# BUNNY FOR FREE - Pickering, Ontario, Canada



## ashleybrine (Aug 26, 2011)

I have a 2 year old , very friendly dwarf lions head rabbit that i need to find a loving family ... I can no longer have this as my pet because I am highly allergic and can't breath around it (since i have asthma). Please contact me if your interested [email protected] It has a cage, water jug, food bowl, and nail clippers... please contact me asap. I live in pickering, ontario...


----------



## Nancy McClelland (Aug 26, 2011)

We're too far away. The rabbits don't bother my Asthma at all. I use Advair and have it completely controlled--haven't had to use an emergency inhaler in more than 4 years.


----------



## ashleybrine (Aug 27, 2011)

ya i can't have it because I have to use my inhalers all the time and its bad for me right now because i am pegnant and can't be using my inhalers that much and really need to get this bunny a great family and home...


----------



## Koumyou_69 (Sep 3, 2011)

Can anyone help or give suggestions on where she could take him too? I pointed her here because I thought people could help her I would take him but I just don't have the room, maybe adding some pics will help get it going?


----------



## Brittany85 (Sep 3, 2011)

This is probably not the best way to find a home for your rabbit as there won't be many people on here that live close to you.
This is what you need: http://toronto.kijiji.ca/
You can change the location to Pickering but that is the link for the Toronto area Kijiji. 
I have found great homes for all baby bunnies I want to find pet homes for or rescue bunnies.

Good luck! And make sure you ask the person lots about how they will care for your bunny.


----------



## Pipp (Sep 18, 2011)

Have you found a home for Buttons yet? 


sas :clover:


----------



## rosie20029 (Aug 30, 2012)

Send some pics please


----------



## MiserySmith (Aug 30, 2012)

Hey, I'm in Ottawa and probably shouldn't be taking another one in right now.. But in North Gower(I think) There's a bun rescue called New Moon Rabbit Rescue. They don't actually get that many adopted out, so may be full.. but you could certainly contact them and see.


----------



## Ellie (Aug 30, 2012)

What about a Toronto humane society or something?
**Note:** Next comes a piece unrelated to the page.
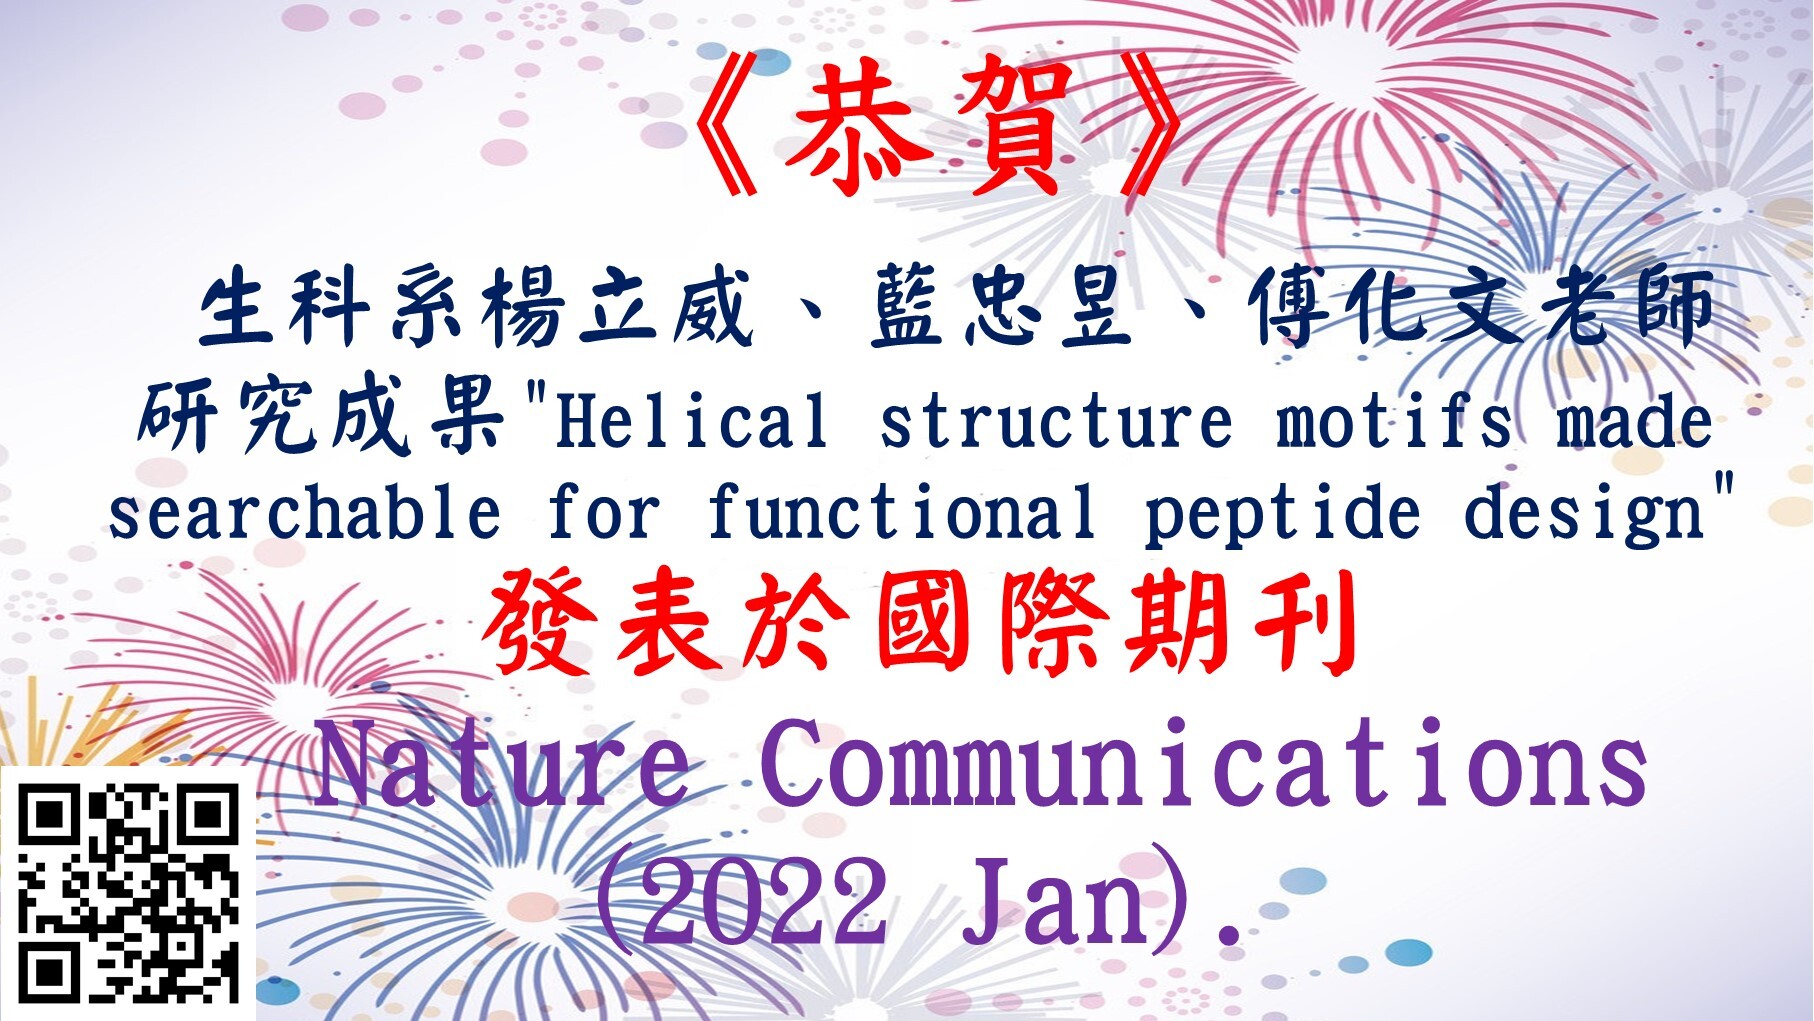 恭喜 生科系楊立威老師、藍忠昱老師、傅化文老師的研究著作 (Helical Structure Motifs Made Searchable for Functional Peptide Design) 發表於 Nature Communications (January, 2022).

Or like someone said, Kijiji is a great idea. When I was looking for a bun I wanted to get everything off of there because it's so much cheaper than the pet store!


----------



## iLuvMyLilBuns (Aug 30, 2012)

*I would love to have another bunny but I live in Minnesota so it would be hard to transfer your rabbit*:apollo:


----------



## MarisaAndToby (Aug 31, 2012)

Kijiji is how I found my Toby; you can find great prospective owners on there, but you also have to be careful about neglectful impulsives, and also people looking for snake food.


----------



## Ellie (Aug 31, 2012)

Just noticed how old this thread is... hopefully the bun went to a safe home!


----------



## kaymas (Aug 31, 2012)

*Ellie wrote: *


> Just noticed how old this thread is... hopefully the bun went to a safe home!


I was going to offer to take the bun since I live in Pickering to....and then realized it was from last year. Hoping it went to a safe home as well


----------